[[ SOURCE DATA open ]]

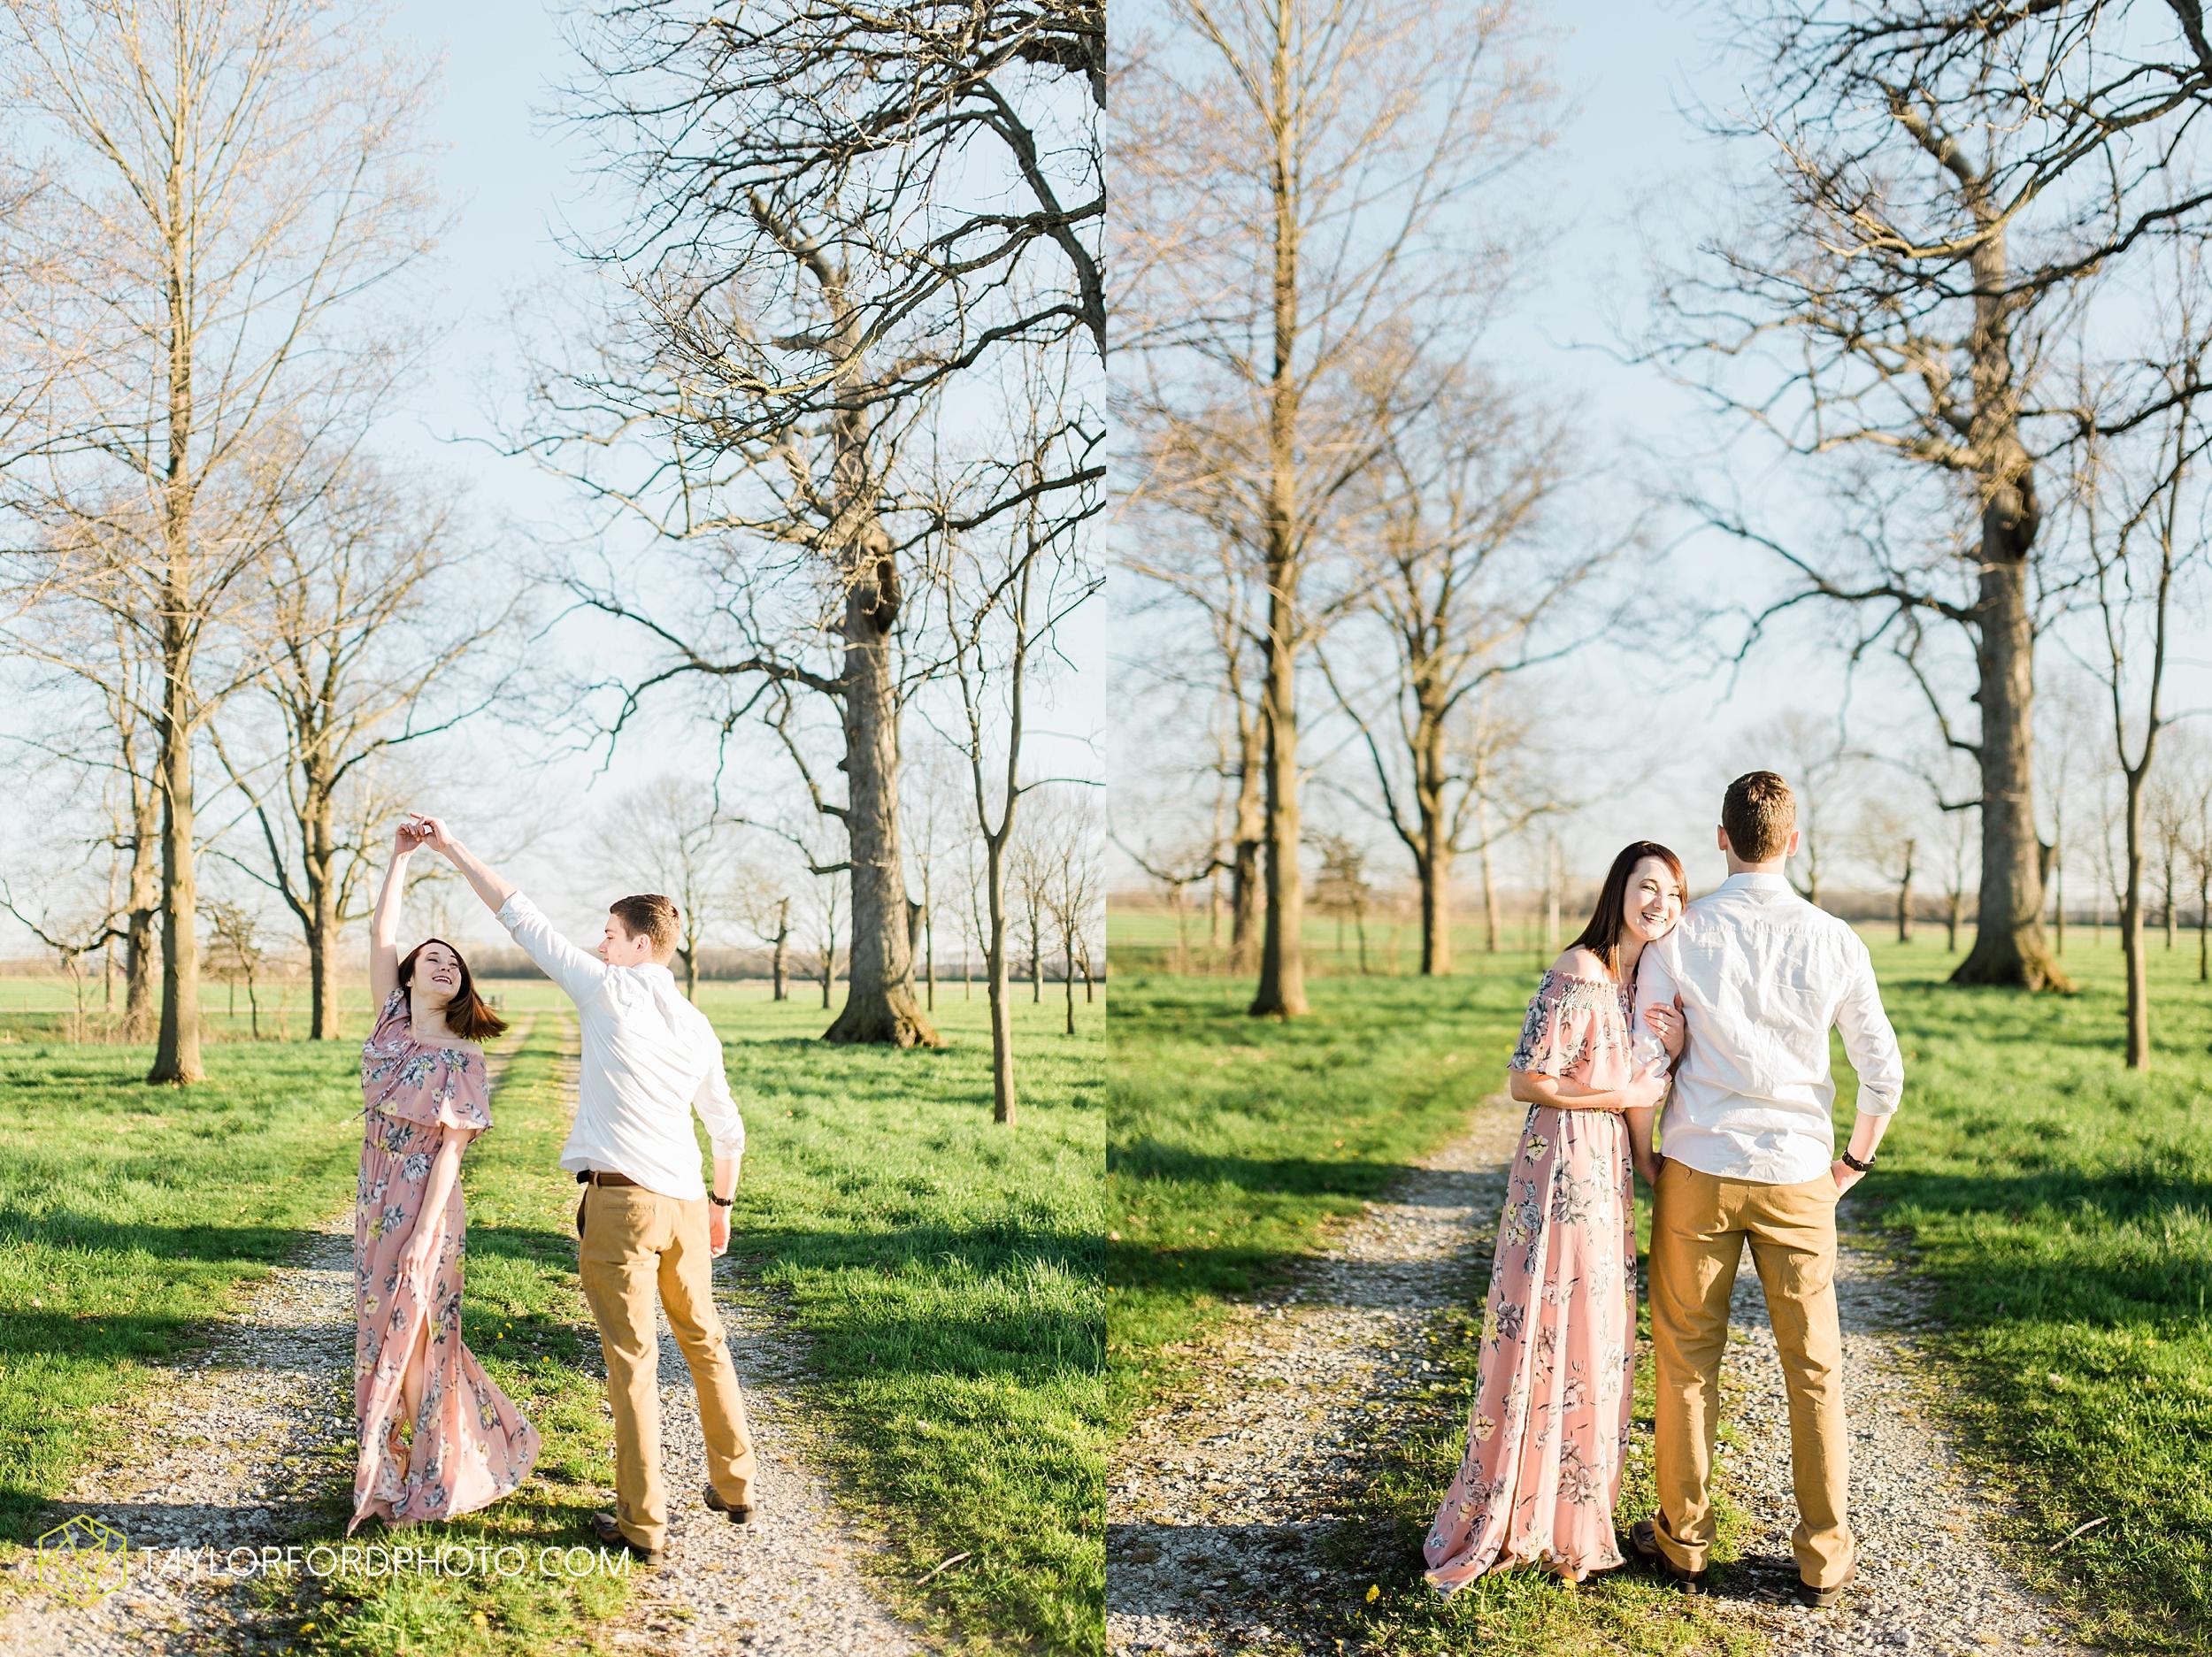 troy-ohio-engagement-wedding-photographer-Taylor-Ford-Photography_7026.jpg
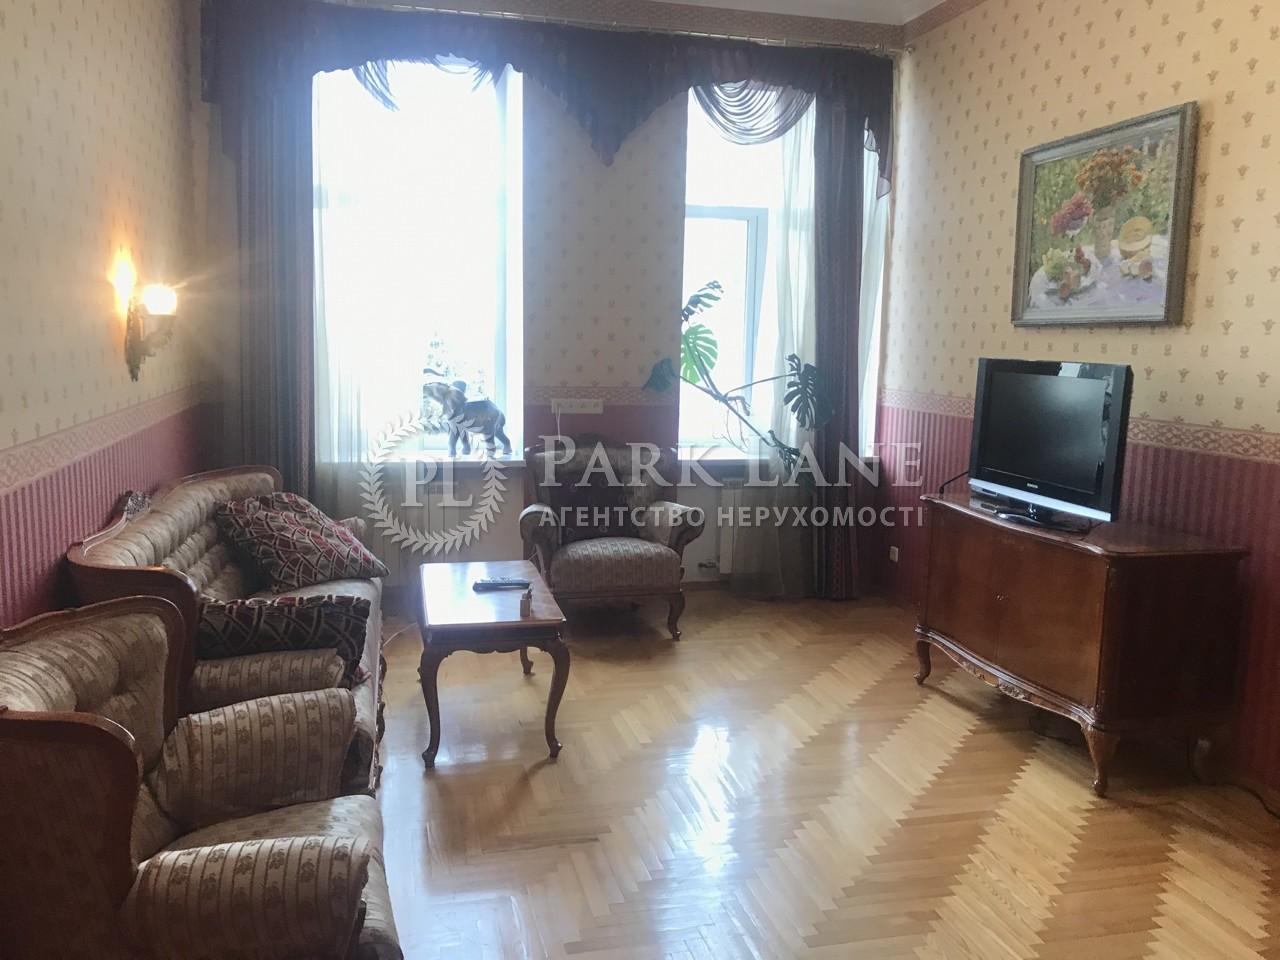 Квартира ул. Сечевых Стрельцов (Артема), 55, Киев, J-17430 - Фото 3
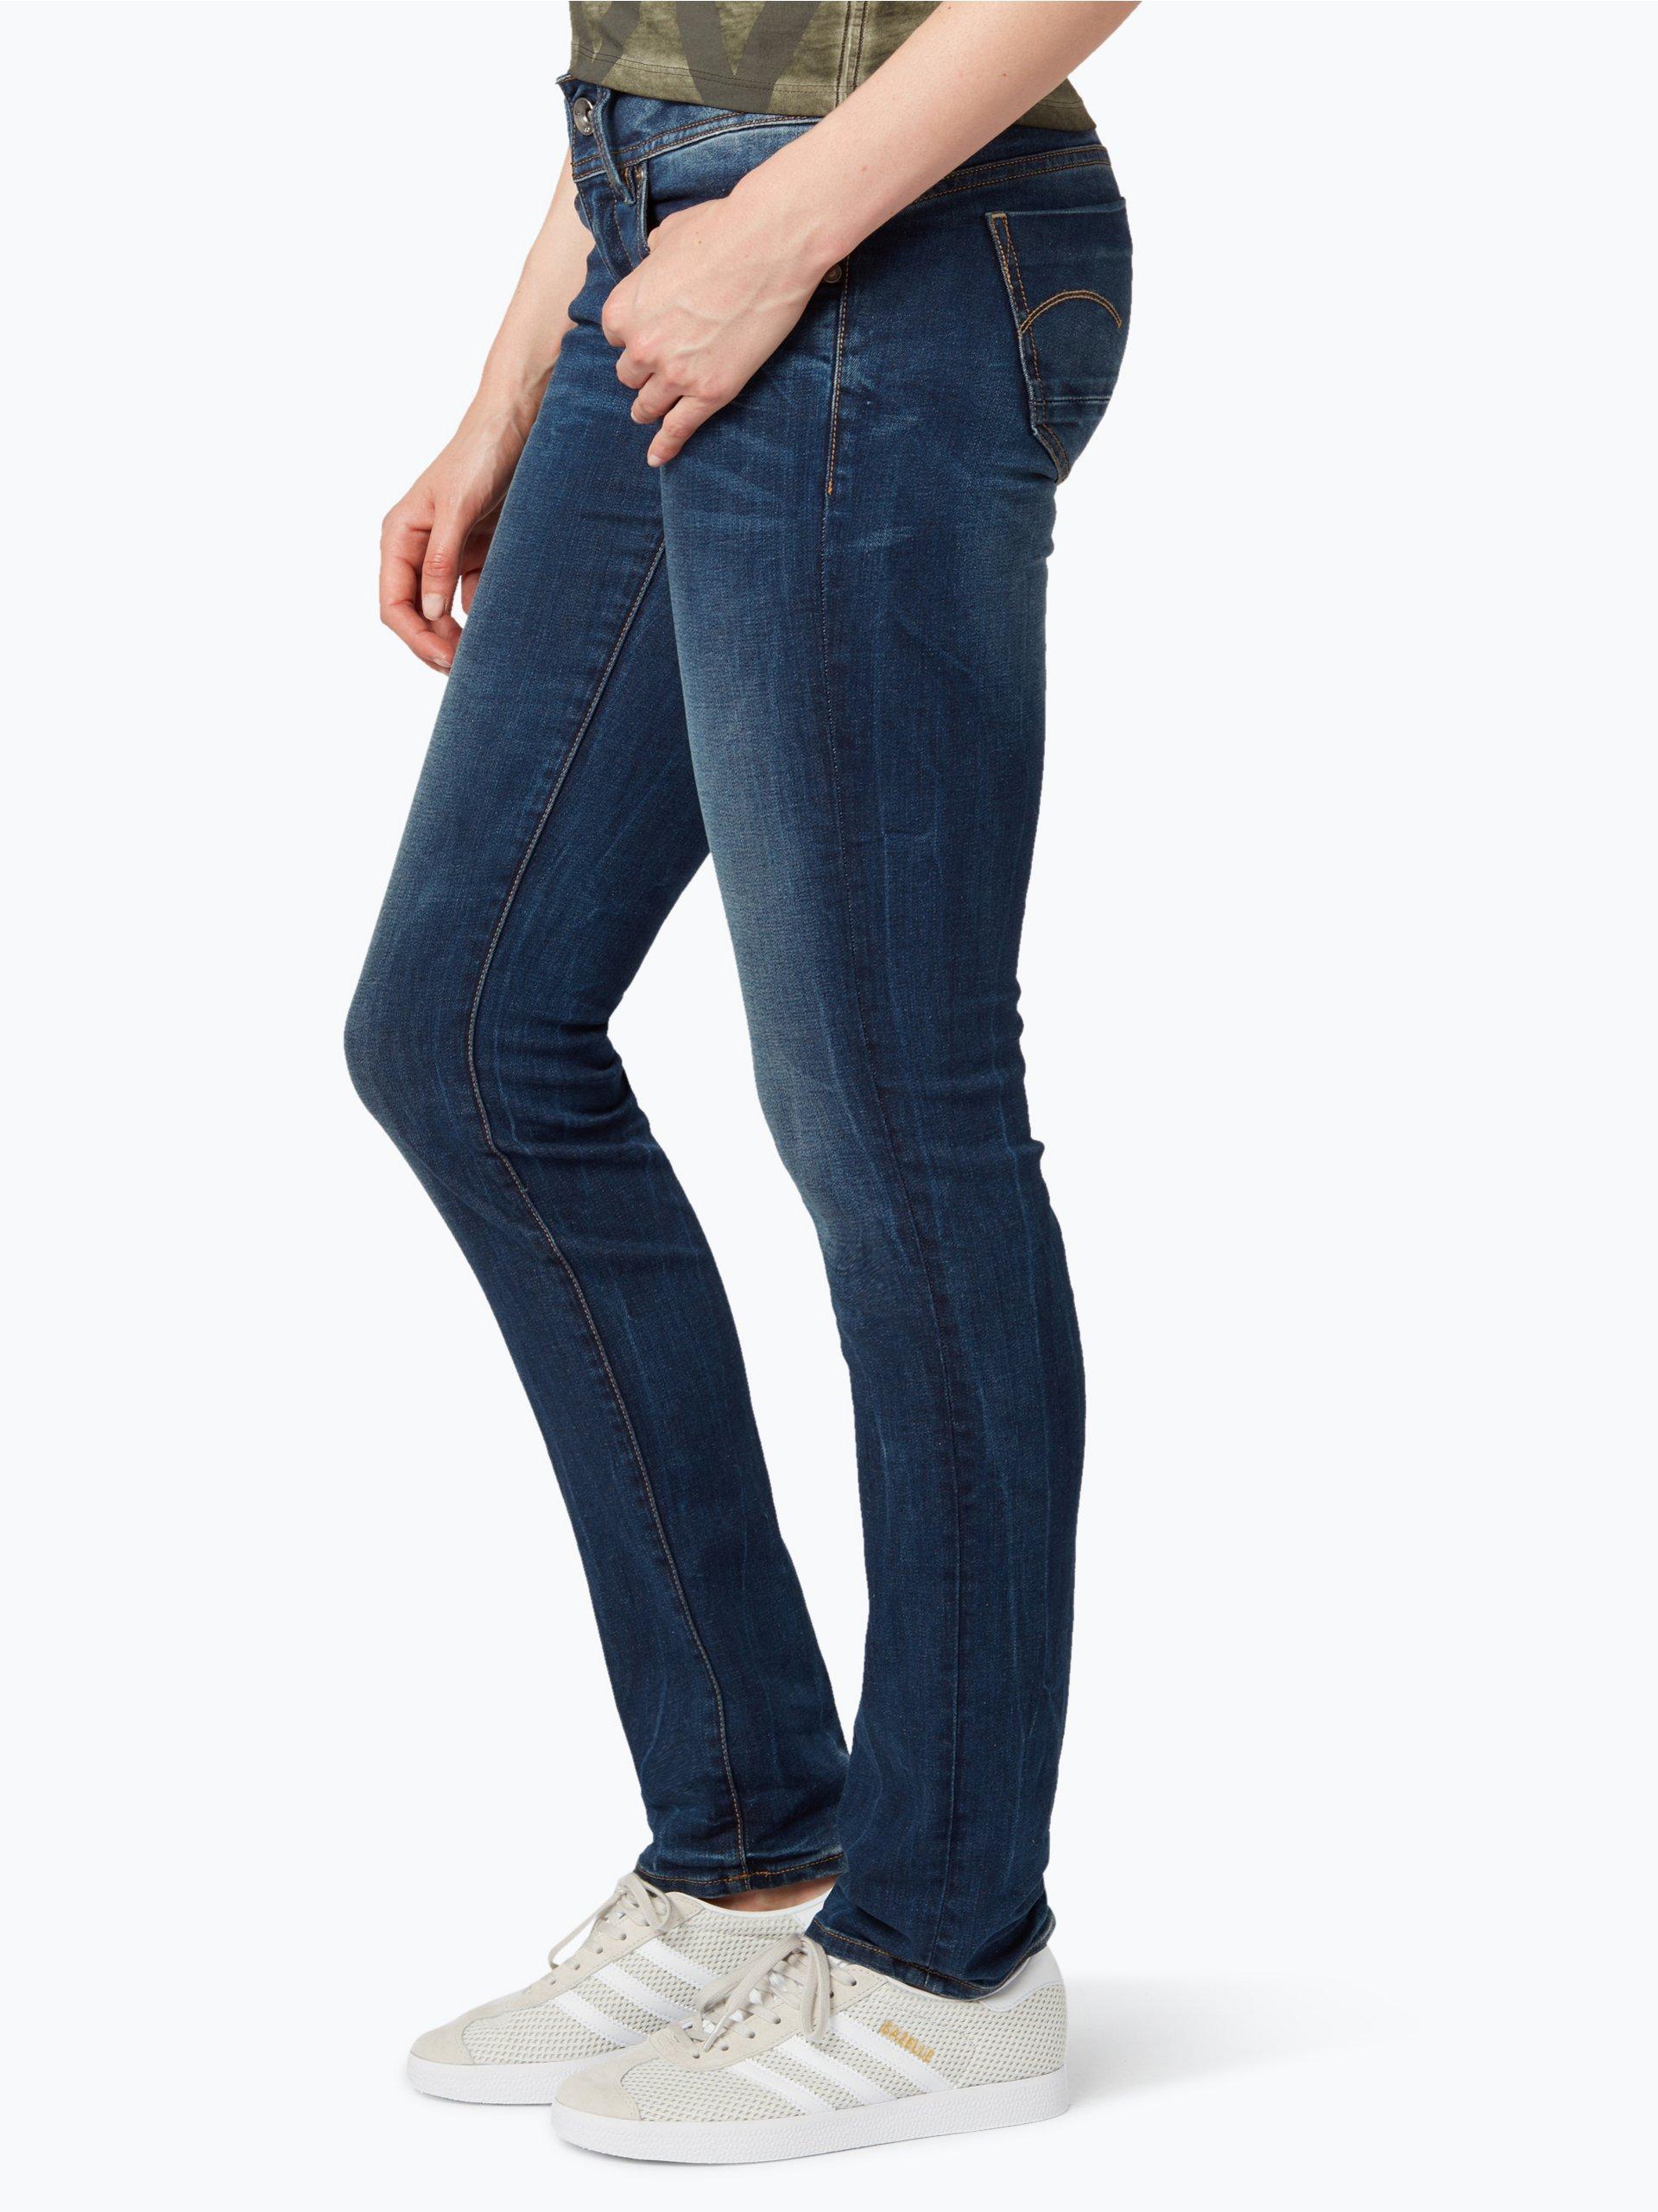 g star damen jeans midge mehrfarbig indigo uni online. Black Bedroom Furniture Sets. Home Design Ideas

[[ SOURCE DATA closed ]]

_INSTRUCTIONS TO FOLLOW_.
Images in the data above are to be skipped. Retype all other material exactly.

_YOUR RESPONSE_.
 troy-ohio-engagement-wedding-photographer-Taylor-Ford-Photography_7026.jpg
 Квартира ул. Сечевых Стрельцов (Артема), 55, Киев, J-17430 - Фото 3
 g star damen jeans midge mehrfarbig indigo uni online. Black Bedroom Furniture Sets. Home Design Ideas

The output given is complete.